Unified memory is particularly useful for applications with complex memory access patterns or cases where data might need to be frequently accessed by both the host and device. This reduces the complexity of managing memory locations and transfers manually.

Description of Image Figure 2: Overview of Unified Memory

Figure 2 illustrates how unified memory works, enabling seamless memory access across CPU and GPU. The managed memory model automatically migrates data as needed, maintaining consistency without requiring manual data directives in the code.

Unified Memory Example in C/C++

Below is an example of a vector addition function in C/C++ using unified memory. The managed flag enables unified memory, so we don’t need to specify data clauses. For more details, see the full example, Vector_Addition_Managed_OpenACC.c.

// Vector_Addition_Managed_OpenACC.c
void Vector_Addition(float *a, float *b, float *c, int n) 
{
#pragma acc kernels loop independent 
  for(int i = 0; i < n; i ++)
    {
      c[i] = a[i] + b[i];
    }
}

In this example:

  • The independent clause is used to inform the compiler that there are no dependencies between loop iterations, allowing more efficient execution.
  • The restrict keyword can be omitted as the managed memory model takes care of memory consistency.

To compile this code with unified memory enabled, use the following command:

nvc -fast -acc -ta=tesla,managed -Minfo=all Vector_Addition_Managed_OpenACC.c

Unified Memory Example in Fortran

The unified memory concept in Fortran is similar.
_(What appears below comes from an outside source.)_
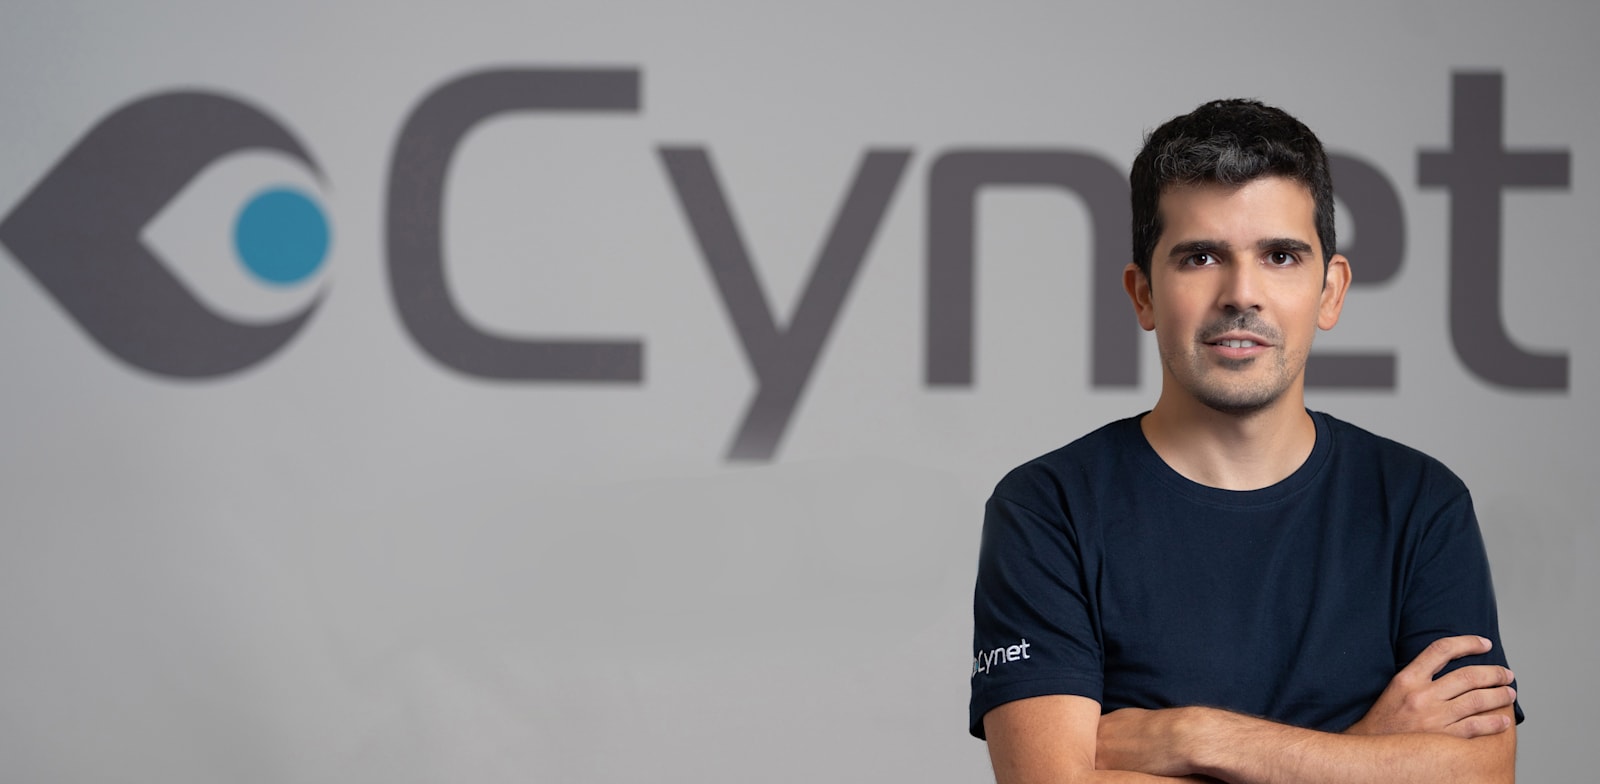 אייל גרונר, מנכ''ל ומייסד Cynet / צילום: רמי זרנגר

Here’s the Fortran version of the vector addition function using unified memory. In this case, we also omit the copy clauses. For more details, see the full example, Vector_Addition_Managed_OpenACC.f90.

subroutine Vector_Addition(a, b, c, n)                                   
  real(8), intent(in), dimension(:) :: a                                 
  real(8), intent(in), dimension(:) :: b                                 
  real(8), intent(out), dimension(:) :: c                                
  integer :: i, n                                                        
  !$acc kernels loop                                                     
  do i = 1, n                                                            
     c(i) = a(i) + b(i)                                                  
  end do                                                                 
  !$acc end kernels                                                      
end subroutine Vector_Addition 
In Fortran, simply omitting the copyin and copyout clauses is enough when using unified memory. To enable unified memory in Fortran, compile the code with the managed flag:
nvfortran -fast -acc -ta=tesla,managed -Minfo=all Vector_Addition_Managed_OpenACC.f90


Summary

Using the cache directive and unified memory can greatly simplify memory management and improve performance in GPU applications:

  • cache directive: Stores frequently accessed data in the GPU’s shared memory to reduce latency, which is beneficial in high-reuse scenarios.
  • Unified memory: Eliminates the need for explicit data management between CPU and GPU, allowing OpenACC to handle data migration automatically. This approach simplifies code while maintaining performance, especially for complex memory usage patterns.
  • Both methods offer powerful ways to optimize data access, and each has its own strengths depending on the specific application requirements.